Je suis Charlie...I think




 
 
Je suis Charlie, cathartic yes, also a pageant of emotion, hypocrisy and doublethink. There are hashtags and small designer badges, (like there were for the girls kidnapped by Boko Harem,)  and world leaders, arm in arm, defending the right to free speech – except when it comes to anything they don’t agree with. 

The actual murders – those of the 17 journalists and the innocent shoppers at a Jewish supermarket – were vile. The murders were instruments of intolerance, an attempt to impose a code of behaviour on a different culture and on those who would not be ‘persuaded.’

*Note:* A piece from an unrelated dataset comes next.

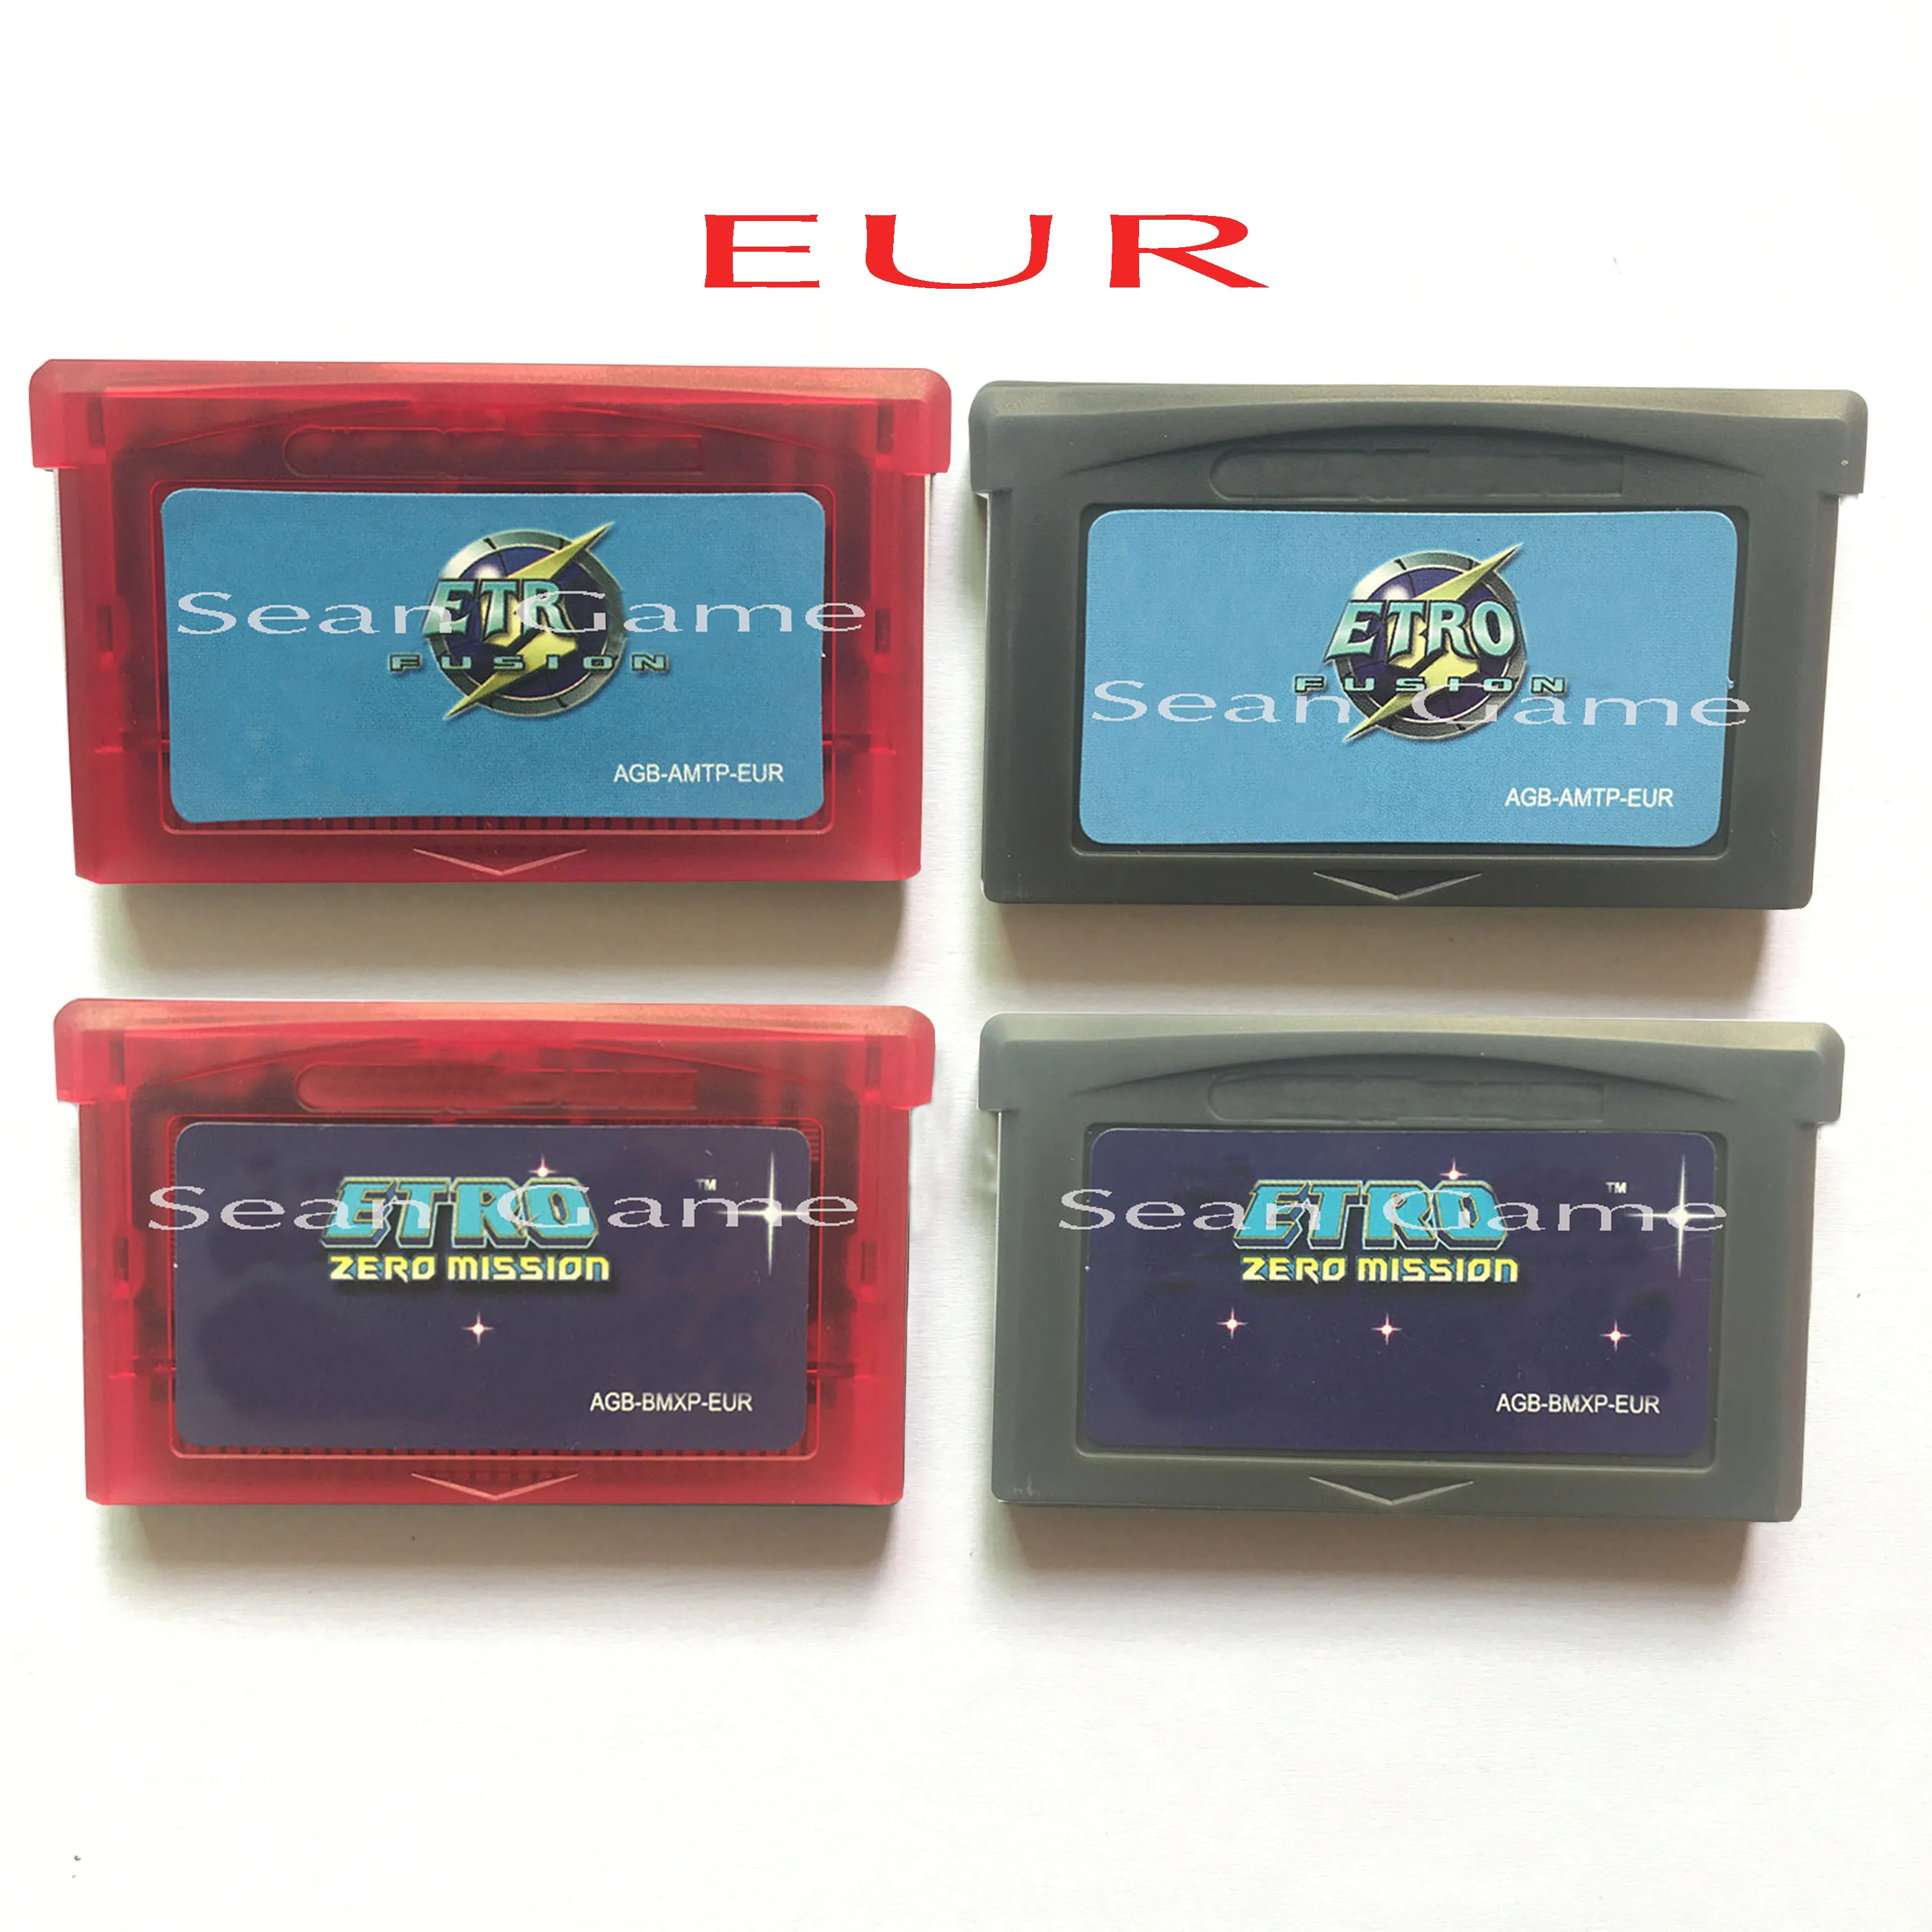 32-разрядная карта картриджа для портативной консоли EUR для видеоигр Etr Fusion / Zero Версия Misi, первая коллекция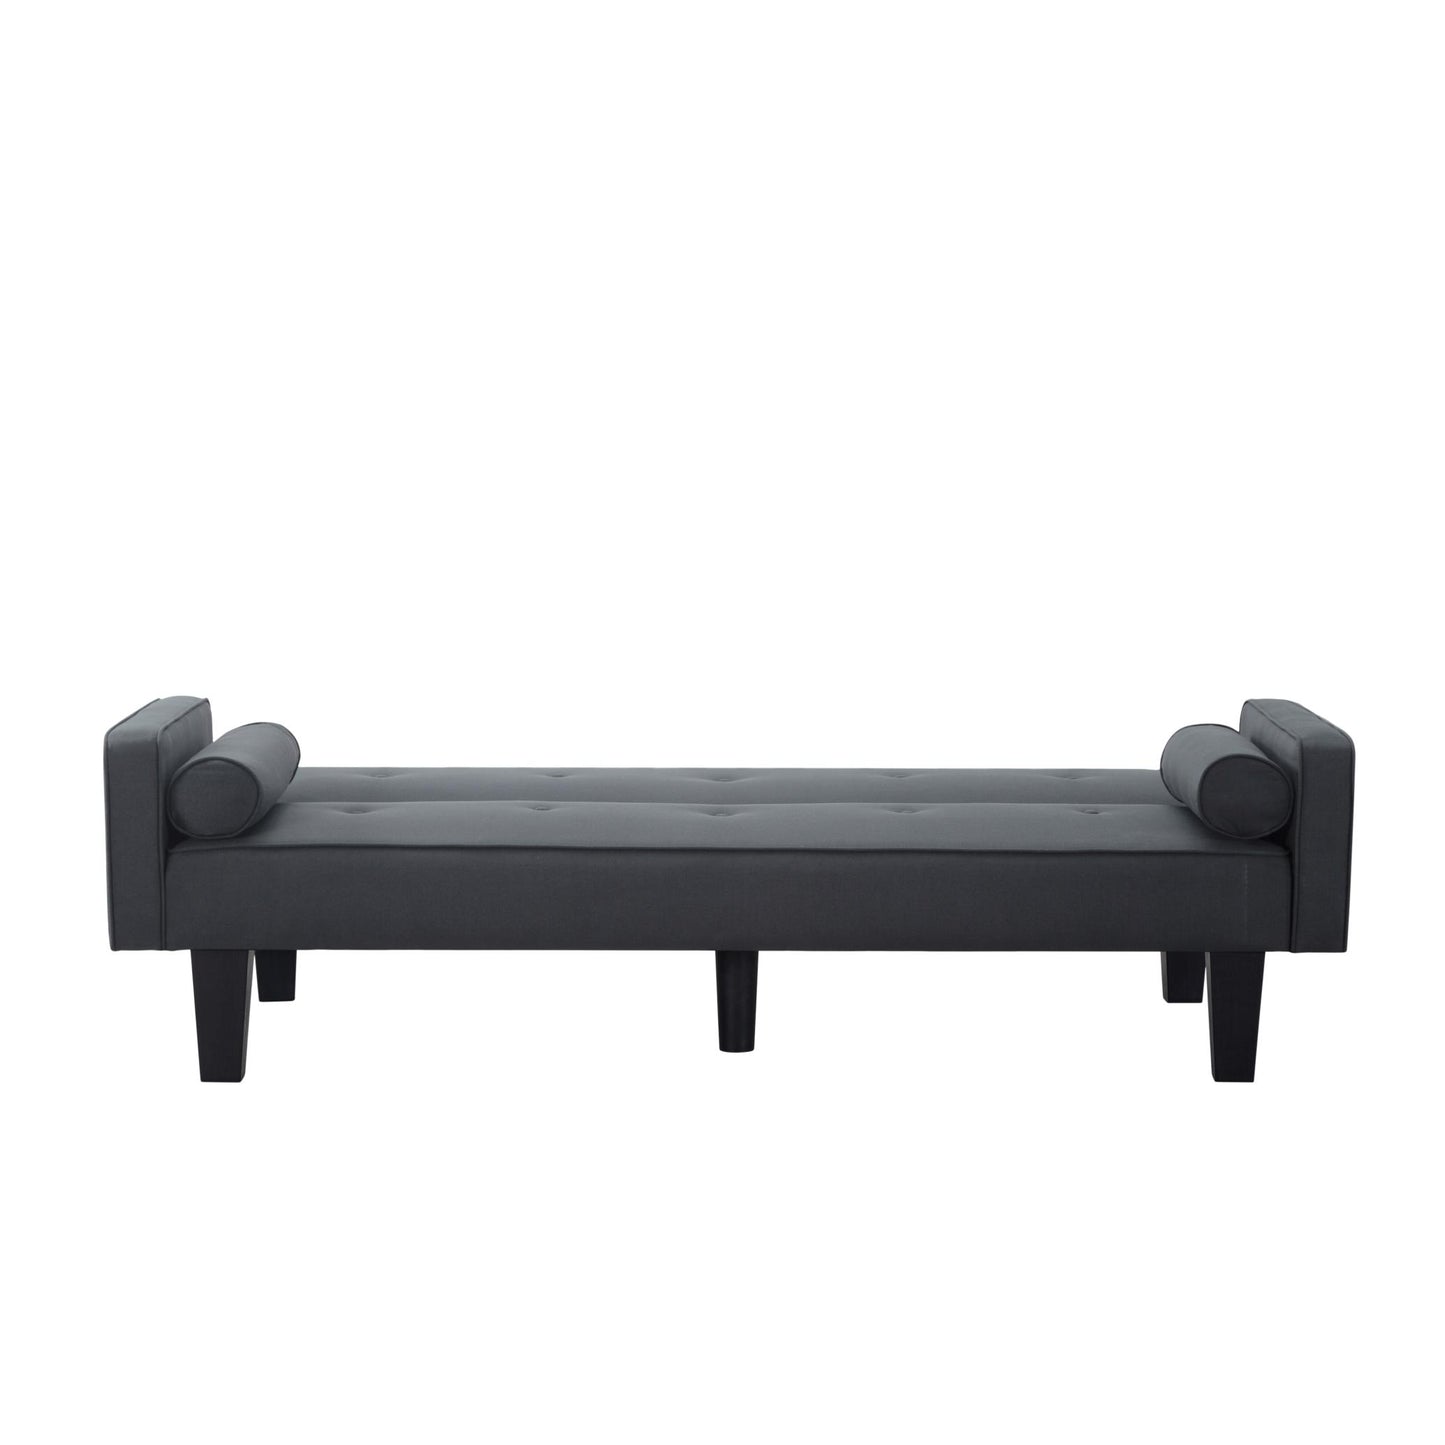 71.3” Futon Sofa bed

The establishment of course has no need to resort to kalishnakovs. Political elites and an engineered concensus exert a more subtle and powerful intolerance. Their instruments are less bloody but more powerful. How many people have been pilloried by media and twitter for expressing views against the prevailing morality, how many have been forced to resign, and how many of these were essentially private conversations subsequently leaked?

 

A case in point is the Jewish cartoonist, Gerald Scarfe who drew a cartoon showing the Israeli Prime Minister Benjamin Netanyahu building a wall with blood-red coloured cement, in which were trapped Palestinians. The case against Scarfe was made stronger because the cartoon was published in the Sunday Times on Holocaust Memorial Day. All hell broke out as everyone from the Israeli Ambassador to leading British politicians spoke out against it and Gerald Scarfe was forced to make a grovelling apology. 

            Why? And what does that show?

All of Scarfe’s cartoons, and all good political cartoons from James Gillray to Spitting Image are vicious and brutal and spiteful. Political cartoons, as another practitioner, Martin Rowson, puts it represent ‘assassination without blood.’ Check Scarfe’s cartoons on Tony Blair and George Bush, and a more recent one of Bashar al-Assad guzzling from a large cup labeled ‘Children’s Blood’. The Netanyahu cartoon is part of Scarfe’s canon attacking man’s inhumanity to man, and focuses on an individual, a mere politician - not a race, a prophet or God. 
Stephen Pollard, editor of the Jewish Chronicle, accepted the Sunday Times’ ‘right’ to publish Scarfe’s ‘disgusting’ cartoon, but went on to say it was a ‘misjudgement’ and that the Sunday Times had made a ‘mistake’ in exercising that right.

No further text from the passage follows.